Payment For Repairs To Damaged Vehicle

The person responsible for a given accident is held liable for repairs to the damaged vehicle, even in a no-fault state.

How the claim process works

The owner of the insured vehicle submits a claim. If that same owner were eager to have the necessary repairs completed, then he or she would use a policy’s collision coverage. The same owner would also need to pay the deductible, as per Personal Injury Lawyer in Kitchener.

How a challenge might arise, as the result of a claim

If the owner were to use the collision coverage, then the other driver’s insurance company would need to reimburse the one that had provided the coverage (the owner’s insurance company). Consequently, the adjuster at the agency that was expected to provide the reimbursement might allege that the repairs had been too expensive.

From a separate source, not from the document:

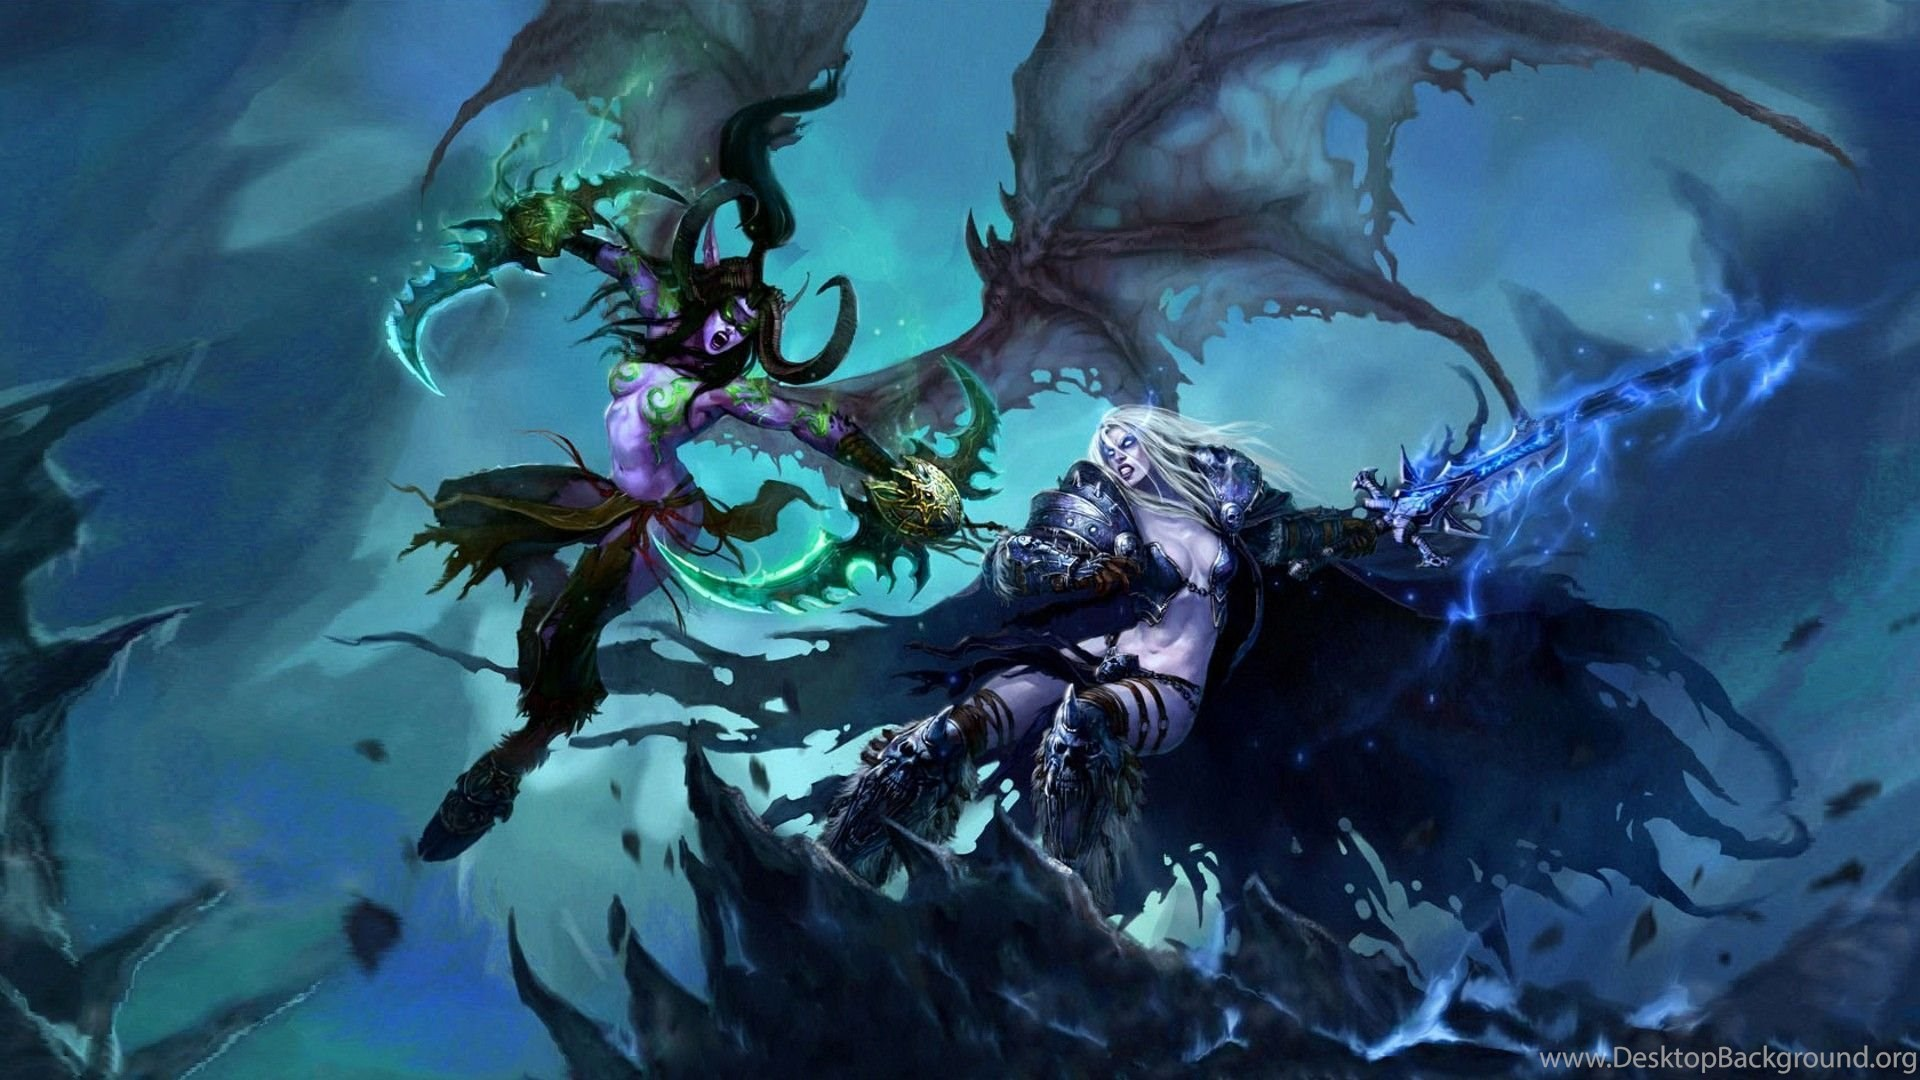 Illidan Vs Sylvanas World Of Warcraft Wallpapers Free Wide Hd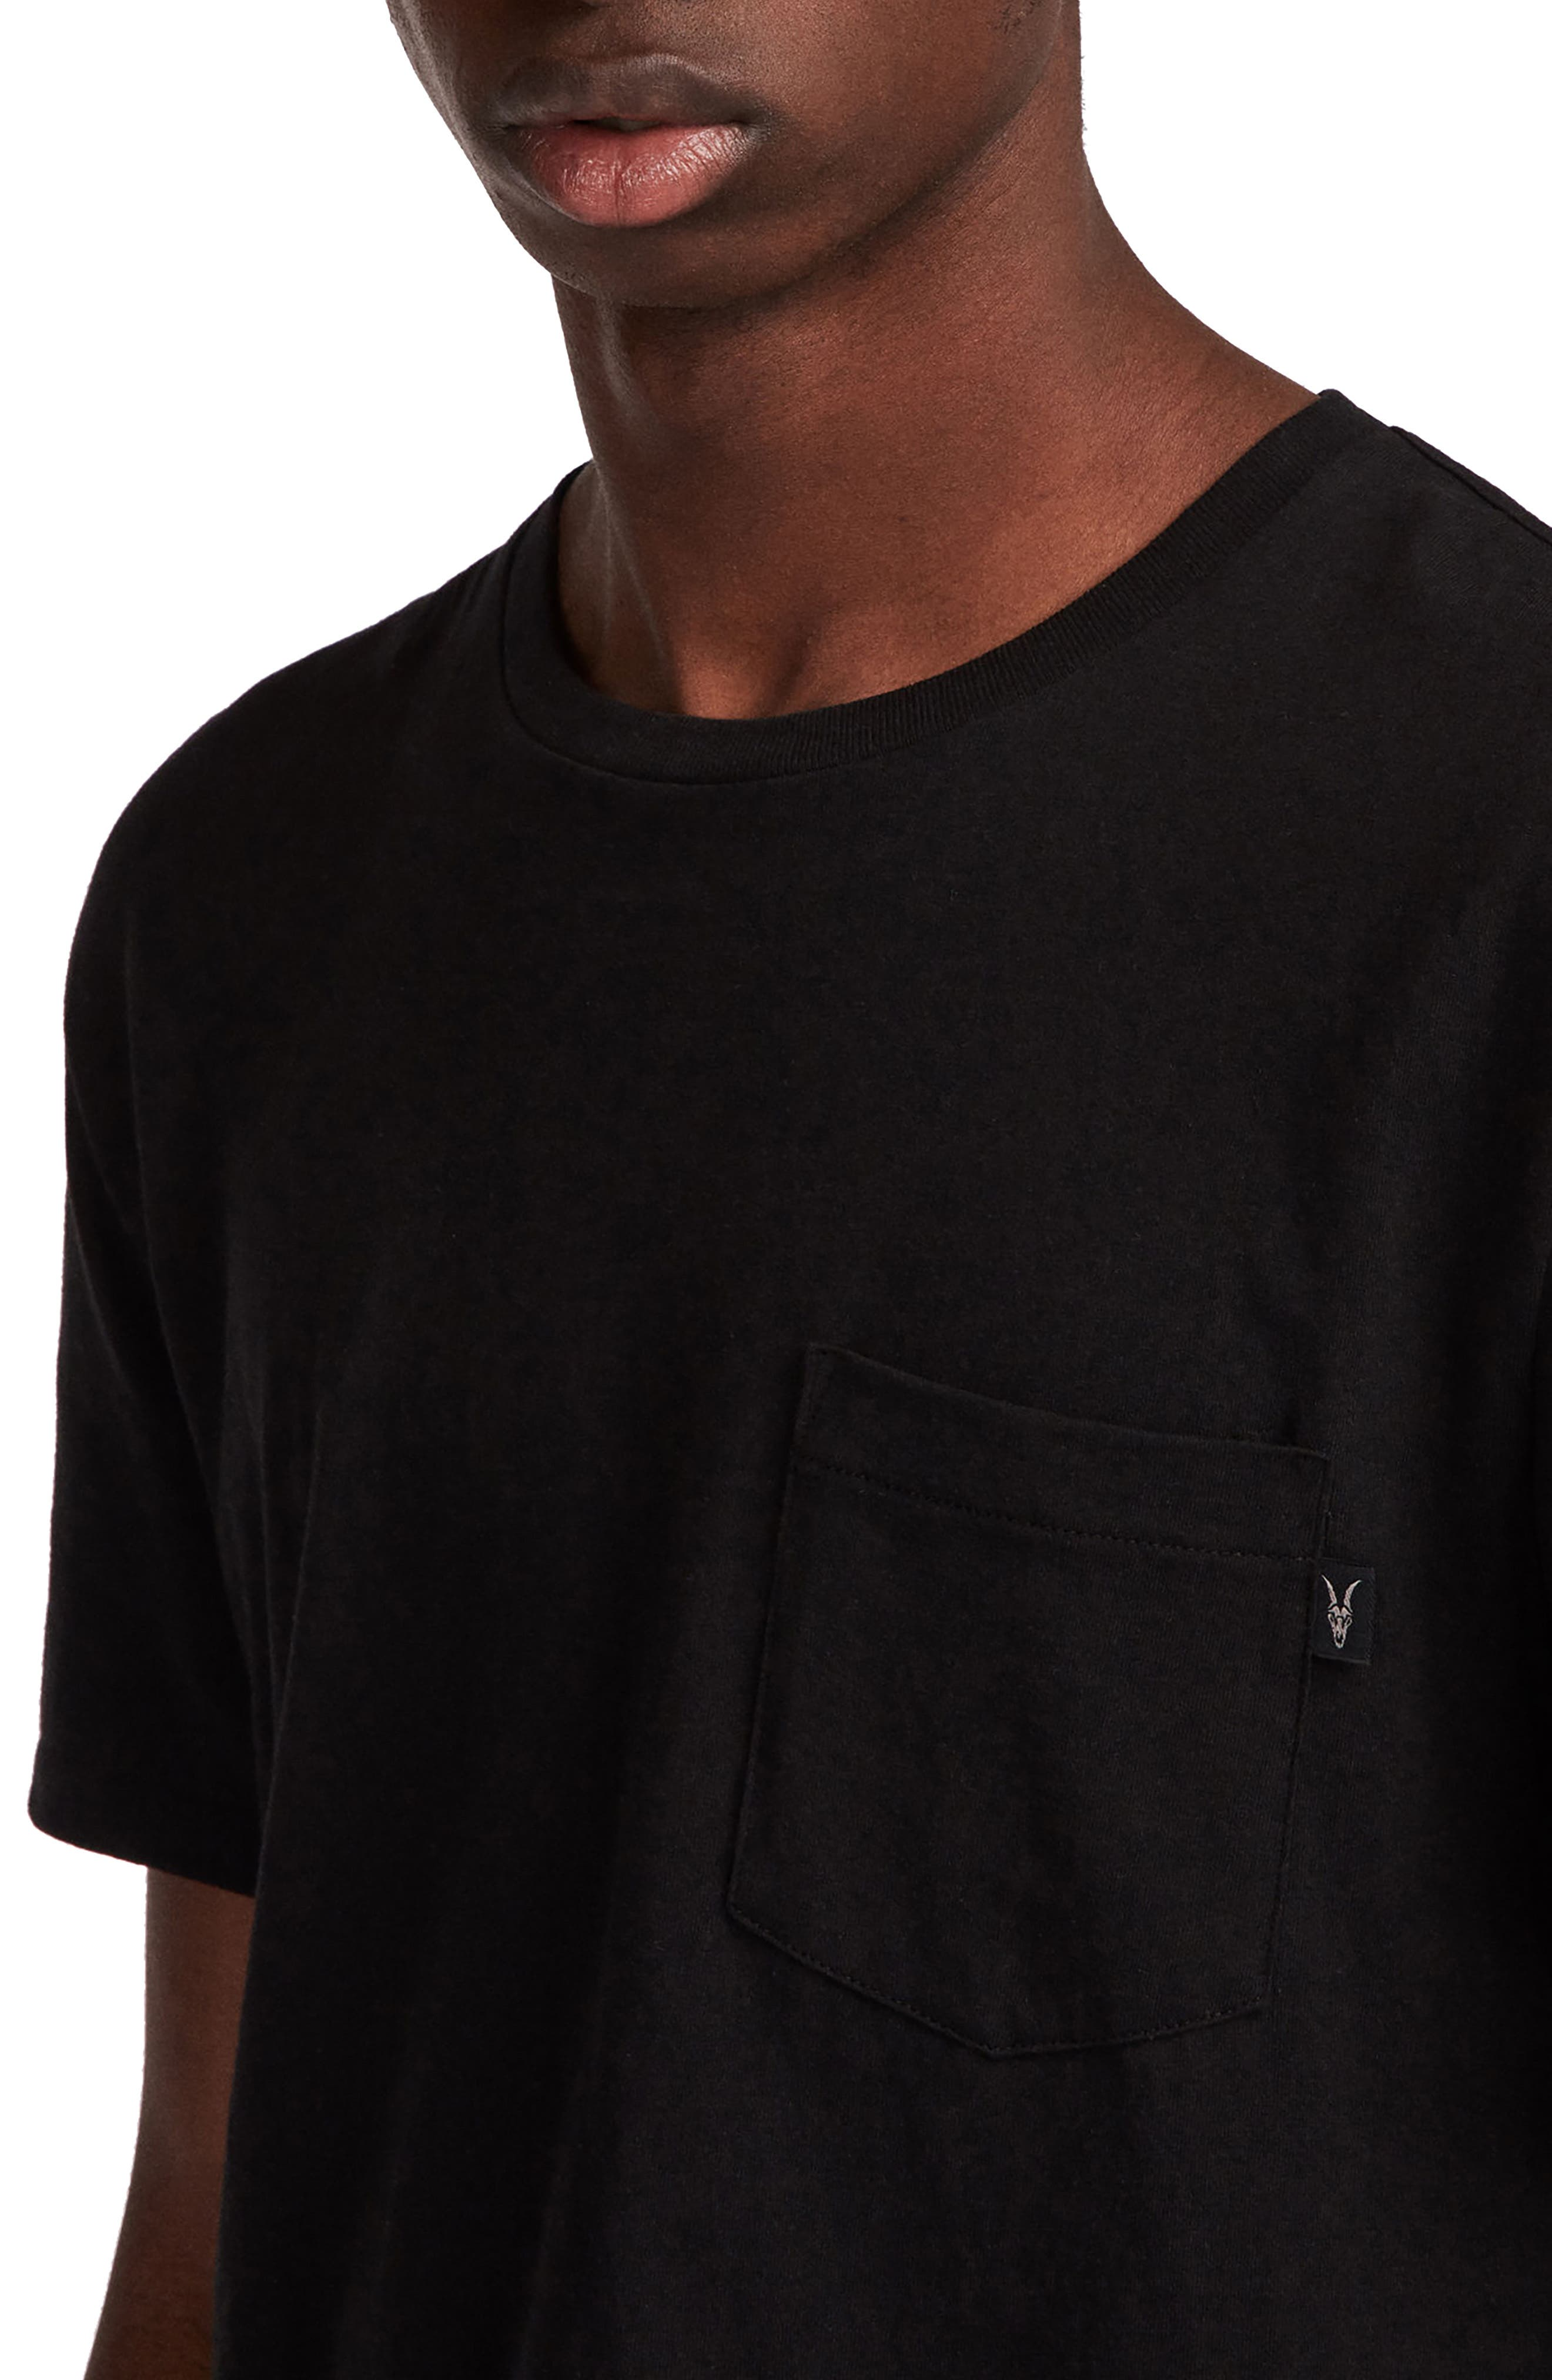 Cure Tonic Slim Fit Pocket T-Shirt,                             Alternate thumbnail 3, color,                             003

The same challenge could come from the other driver’s insurer, if the vehicle’s owner had chosen to pay out-of-pocket for the repairs. In either case, the person waiting for delivery of reimbursement for money spent on repairs might need to wait longer than he or she had expected.

Steps that follow submission of a claim for repair of property damage

Inspection of vehicle: An adjuster at the insurance company that has received the claim usually carries out such an inspection.

The adjuster looks at the nature of the damage and the extent to which the various parts of the vehicle were harmed. That process is called an assessment of the damage. The owner of the damaged vehicle does not have to limit the extent of any scheduled repair work to an operation that matches with the adjuster’s figure.

The vehicle’s owner should get one or more estimates from different repair shops. Each shop consulted would quote the amount that it would charge for repairing the damage caused by the accident.

The vehicle’s owner does not have to share all of the estimates with the insurance company of the responsible driver. The owner of the insured vehicle would not be carrying out an illegal act, if the shared estimate were the largest of those received.

The owner would have to wait for the money from the responsible driver’s insurer, unless he or she had chosen to pay out-of-pocket. An owner might make that choice, if he or she had received a much smaller estimate from one of the consulted shops.

Keep in mind the fact that someone who has paid out-of-pocket might have to wait a while for the expected reimbursement. As stated earlier, the adjuster might realize that the provided estimate was higher than necessary. That might cause the same adjuster to challenge the accuracy of the estimated figure. Still, the shop’s written statement should verify the figure’s accuracy.